-- Data shown follows --

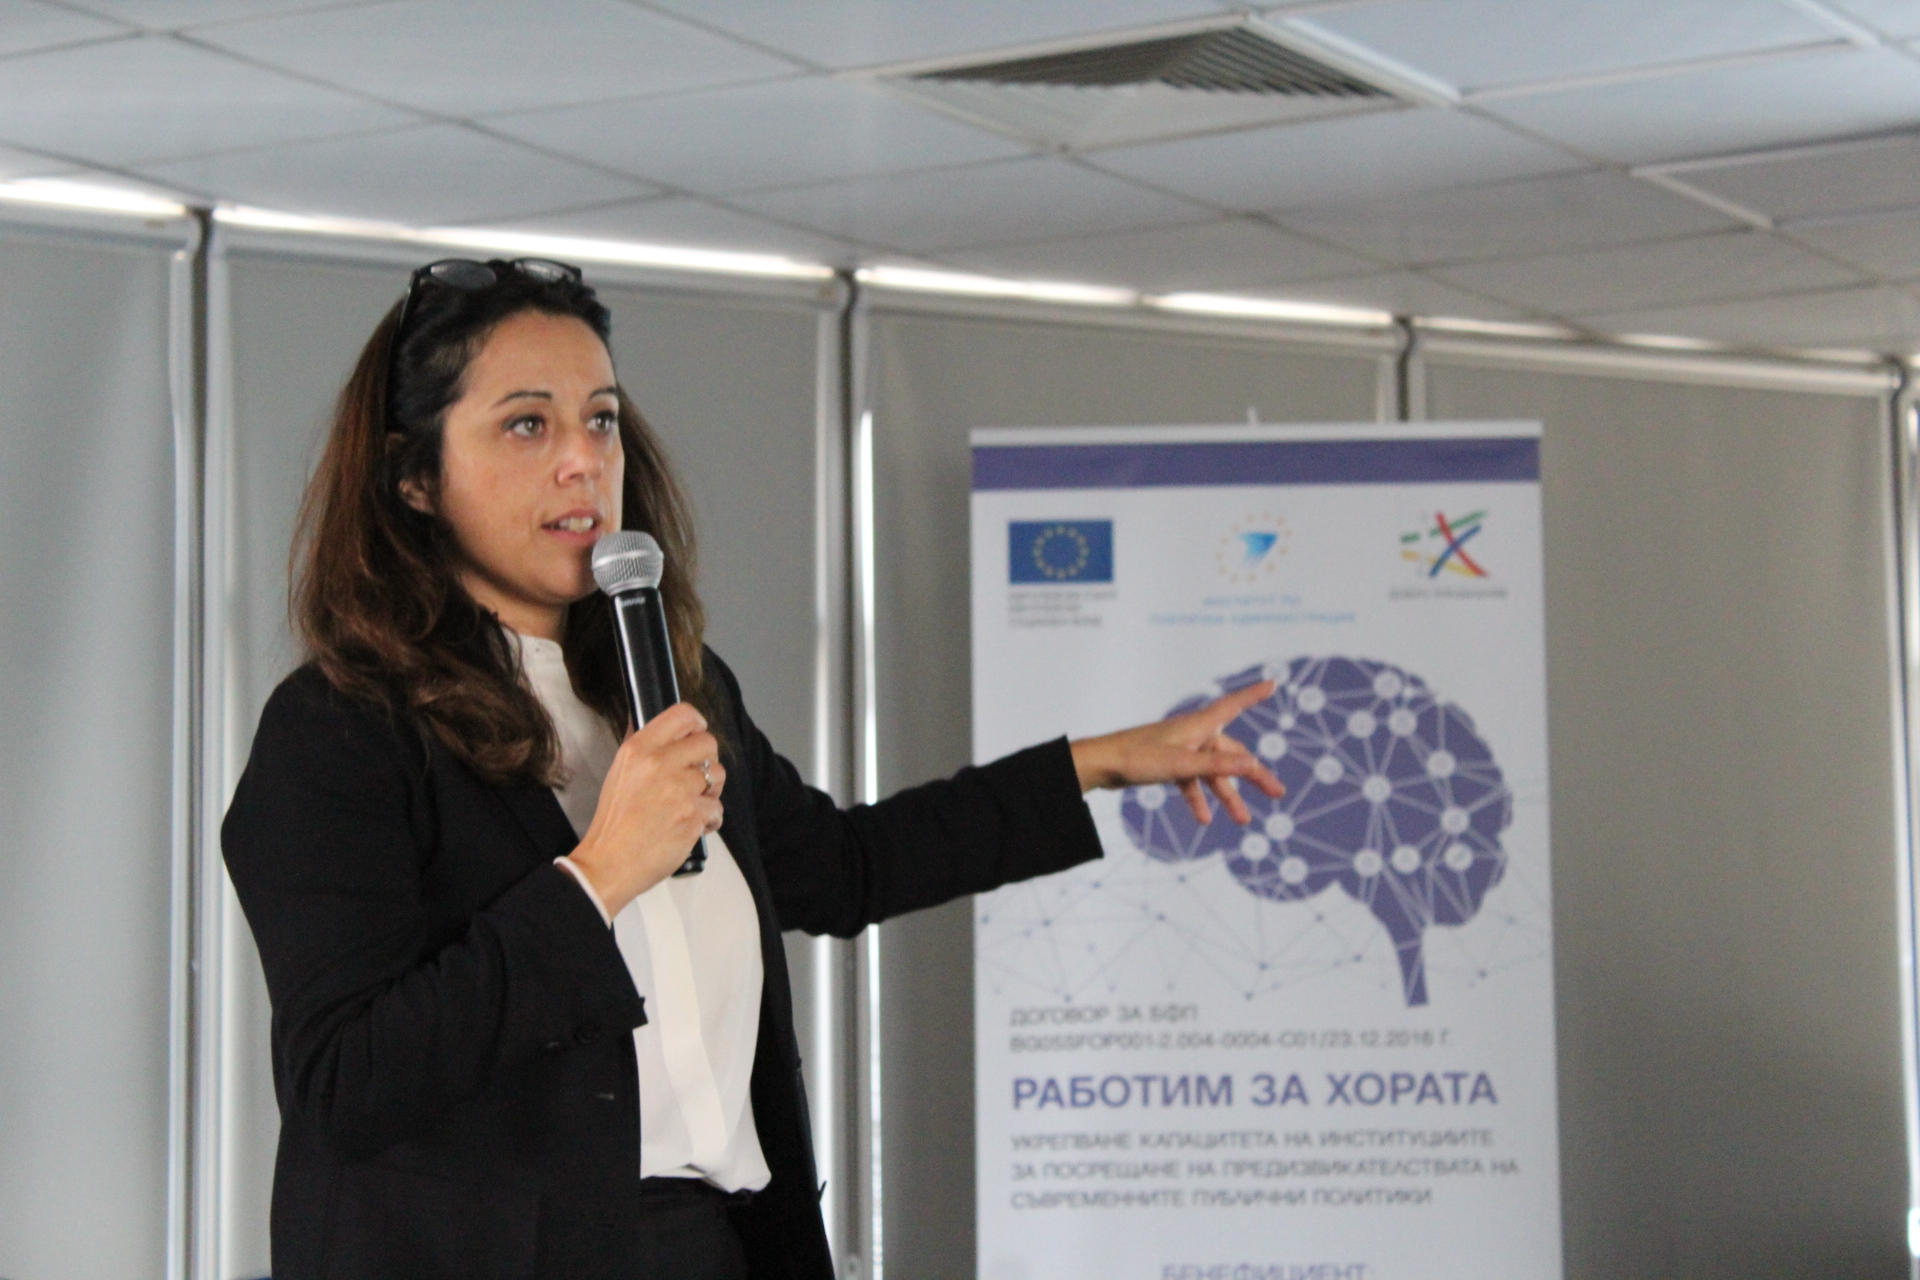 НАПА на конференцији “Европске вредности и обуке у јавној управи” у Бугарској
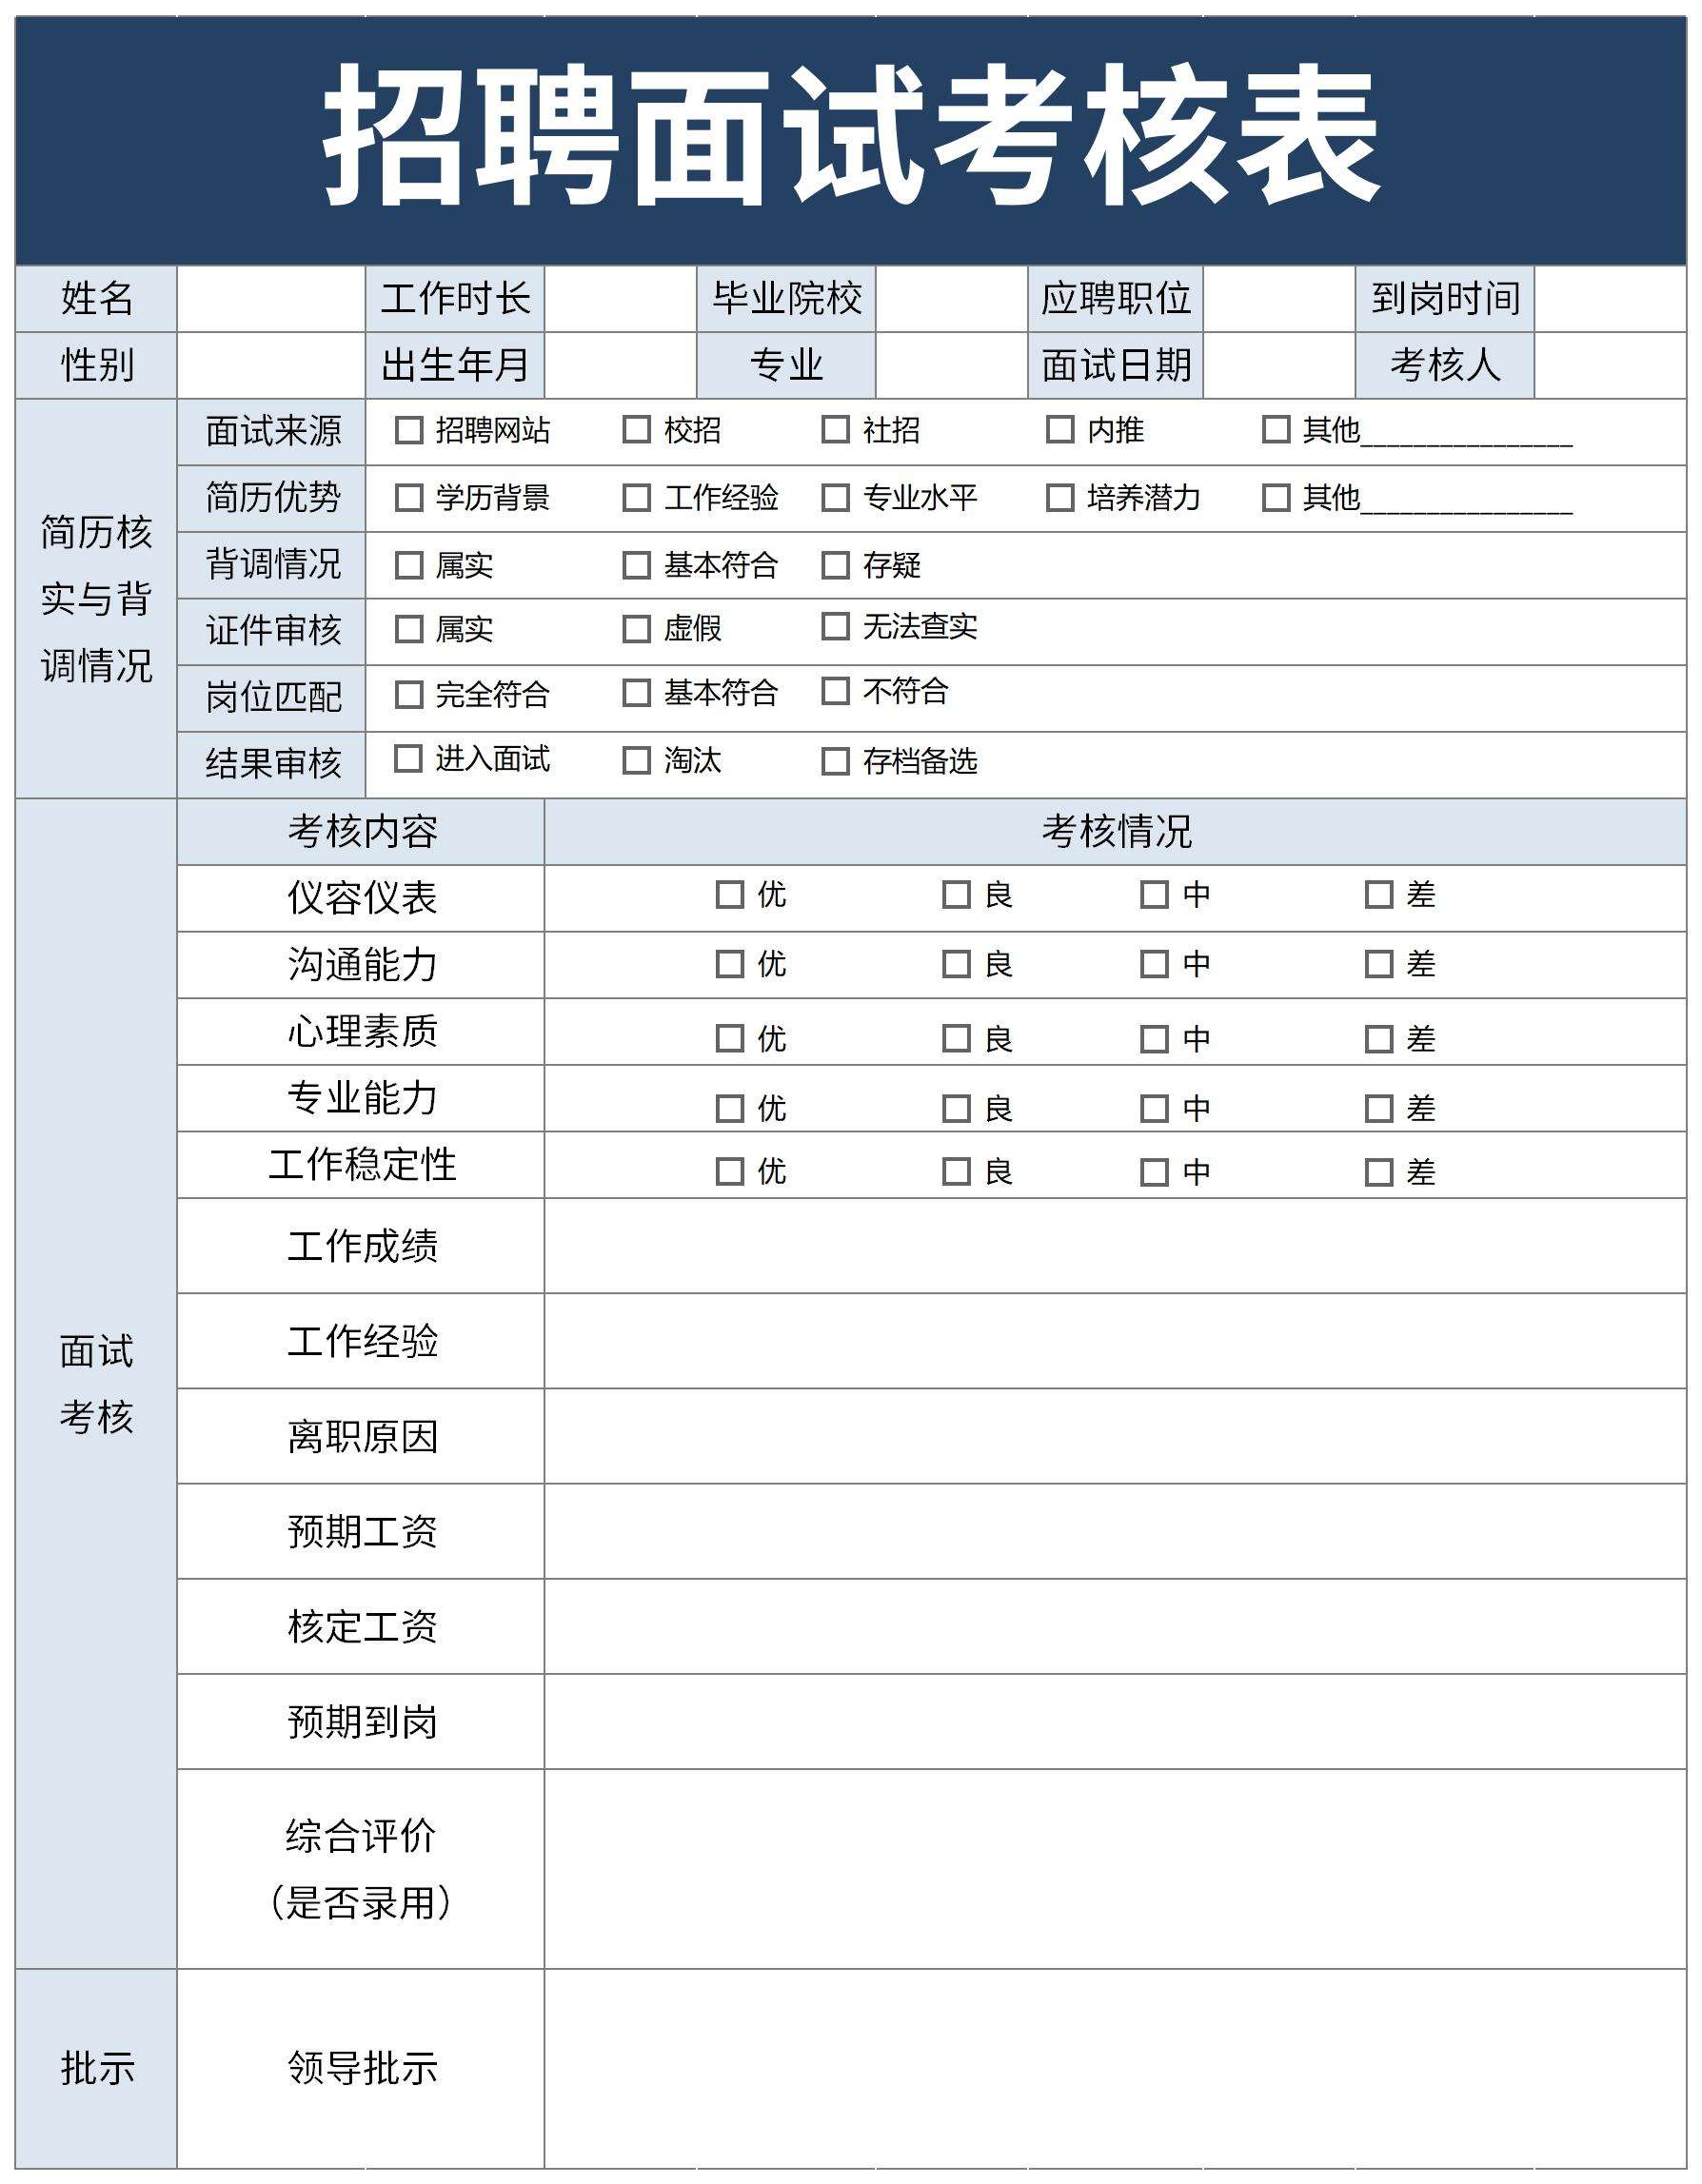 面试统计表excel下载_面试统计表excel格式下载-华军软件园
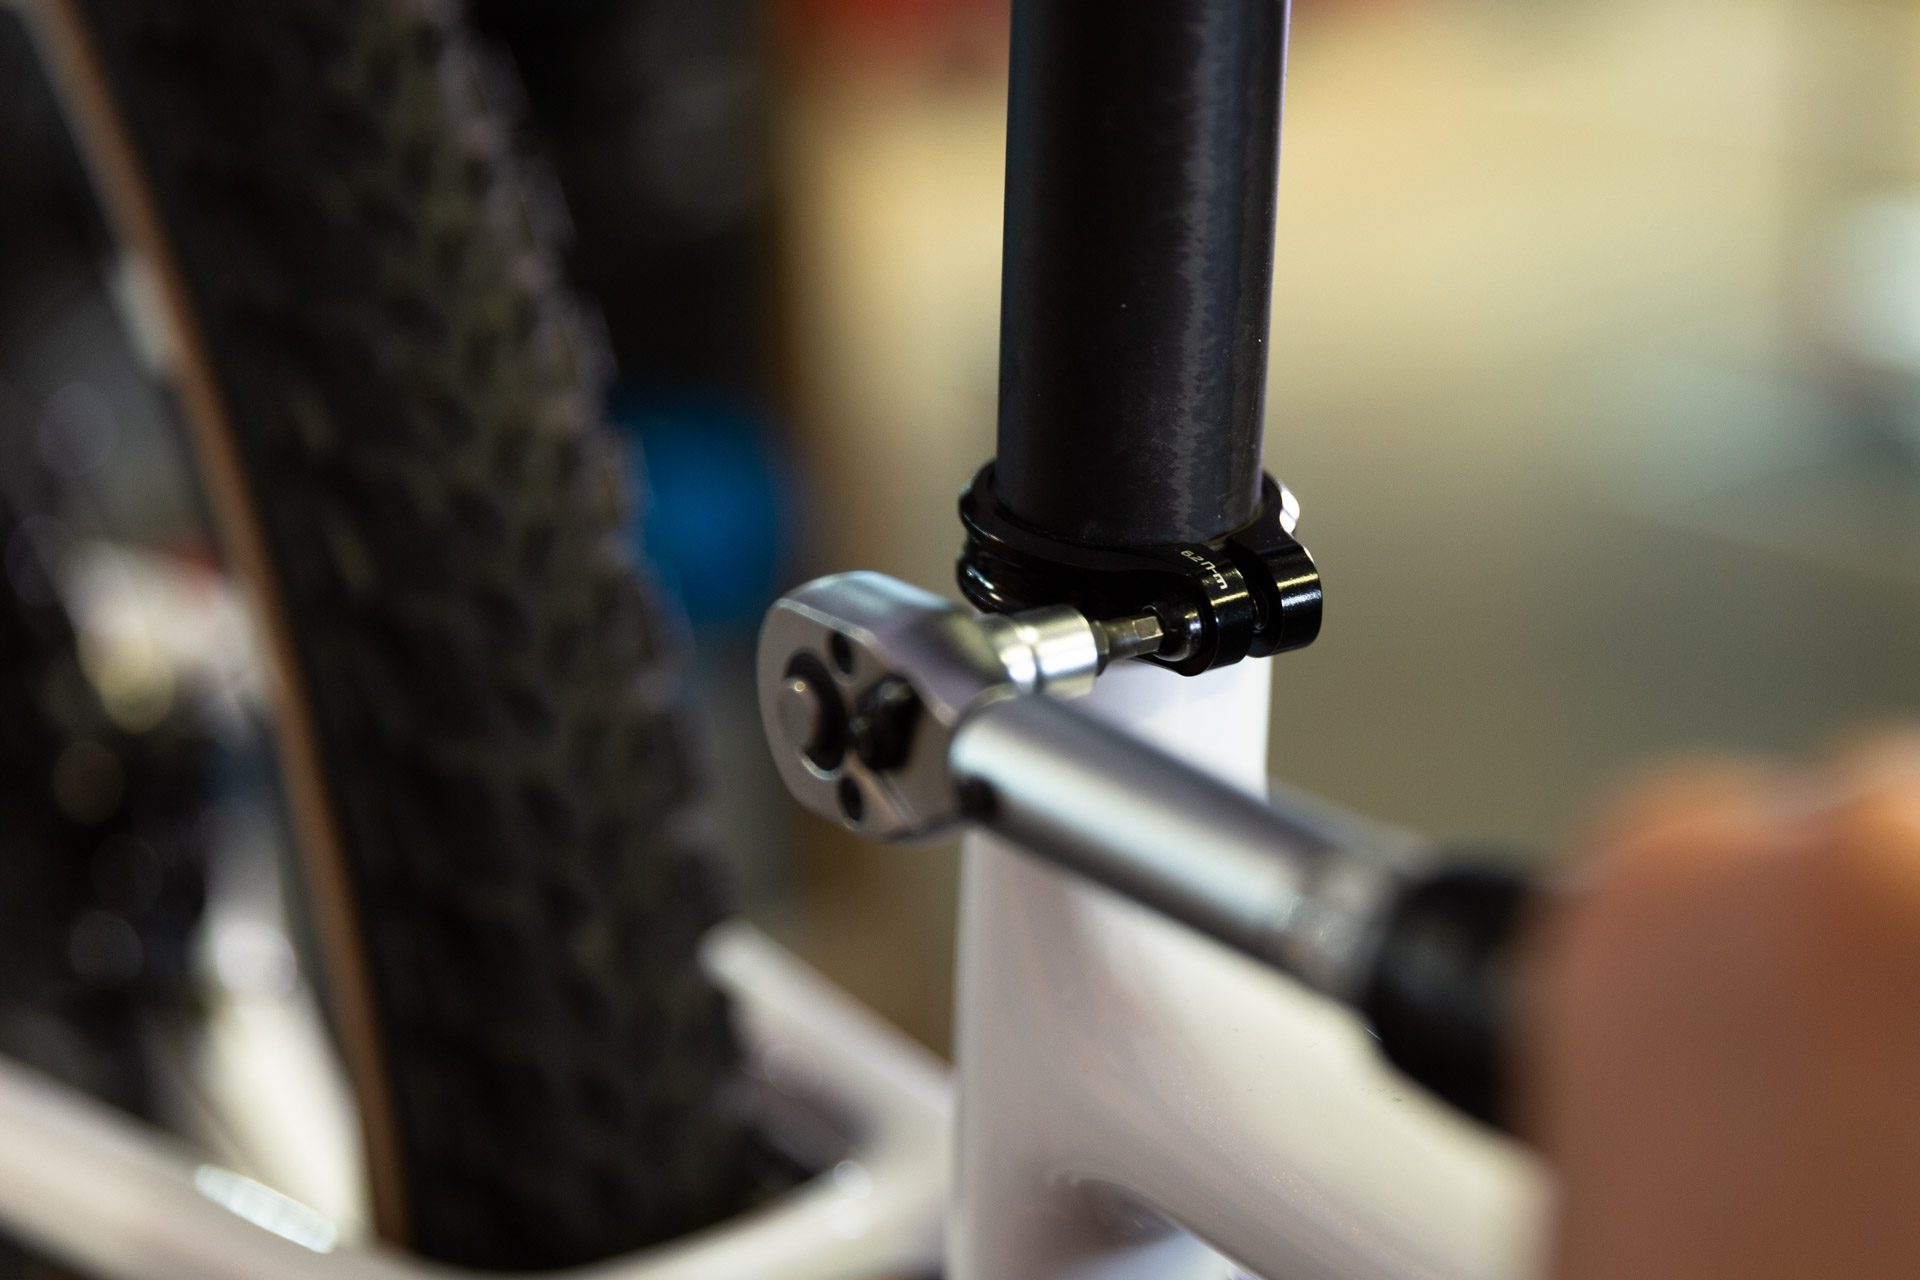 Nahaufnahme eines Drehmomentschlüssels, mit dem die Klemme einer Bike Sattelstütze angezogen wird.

-- Data shown concluded --

### [What is being asked]
Leave the pictures out and copy exactly the lines from the one that holds "面试统计表excel下载_面试统计表excel格式下载-华军软件园" through the last line of the material.

### [Response box]
 面试统计表excel下载_面试统计表excel格式下载-华军软件园
 Nahaufnahme eines Drehmomentschlüssels, mit dem die Klemme einer Bike Sattelstütze angezogen wird.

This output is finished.